Zhuo Meng achou graça: — Por que está tão nervoso? Se não sabe, não sabe.
— Porque... sem resultado, não há recompensa, né? Tia Zhuo, quando você me convidou para comer, achei que seria algo simples, não esperava uma refeição tão boa.
— Seu pai nunca te trouxe aqui?
— Eu não ia ser formal gastando o dinheiro dele, mas...
— Então não precisa ser formal comigo também — Zhuo Meng interrompeu sorrindo. — Você é um garoto engraçado — já está sendo cobrado pelos credores, sabe que eu tenho dinheiro, e ainda assim fica se afastando de mim. Você não pensa em pedir ajuda, mesmo passando por tanta dificuldade?
Pela perspectiva de Zhuo Meng, Ni Hang parou de mastigar por um instante e a mão dele tremia um pouco.
Zhuo Meng perguntou sem entender: — O que houve?
Ni Hang ficou em silêncio por alguns segundos, depois engoliu o bife com esforço: — Tia Zhuo... será que eu já posso ir? Tenho medo de não chegar a tempo às seis horas...
Zhuo Meng olhou para o relógio; ainda não eram nem cinco e meia: — Sem problemas, coma tranquilo, depois eu te levo de carro, vai dar tempo.

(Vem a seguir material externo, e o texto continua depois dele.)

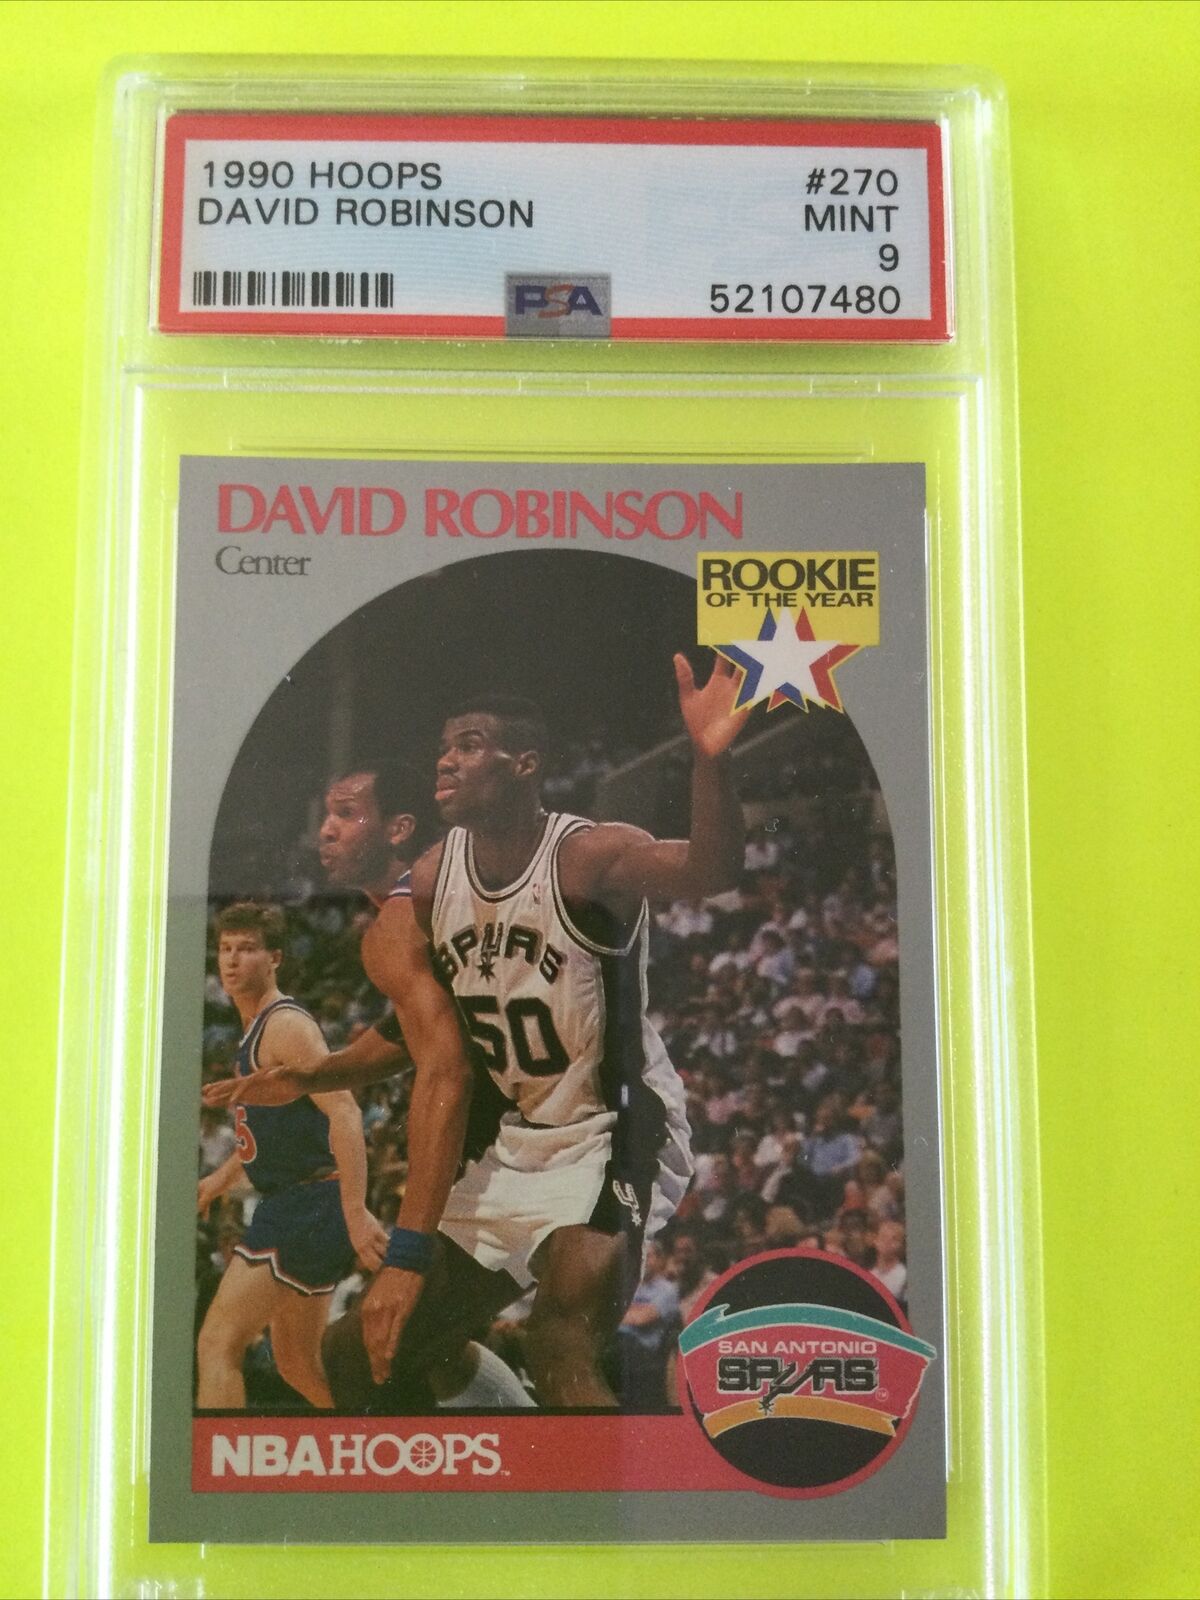 David Robinson rookie card

Ni Hang abaixou a cabeça: — É que... tenho medo de ficar muito cheio e atrapalhar o trabalho depois...
Faz sentido, à noite está escuro e se ficar muito cheio pode dar cãibras ou ficar tonto, o que seria ruim para o serviço.
Zhuo Meng entendeu e disse: — Tudo bem, como preferir.
Então chamou o garçom: — Por favor, embrulhe o foie gras e o salmão para levar.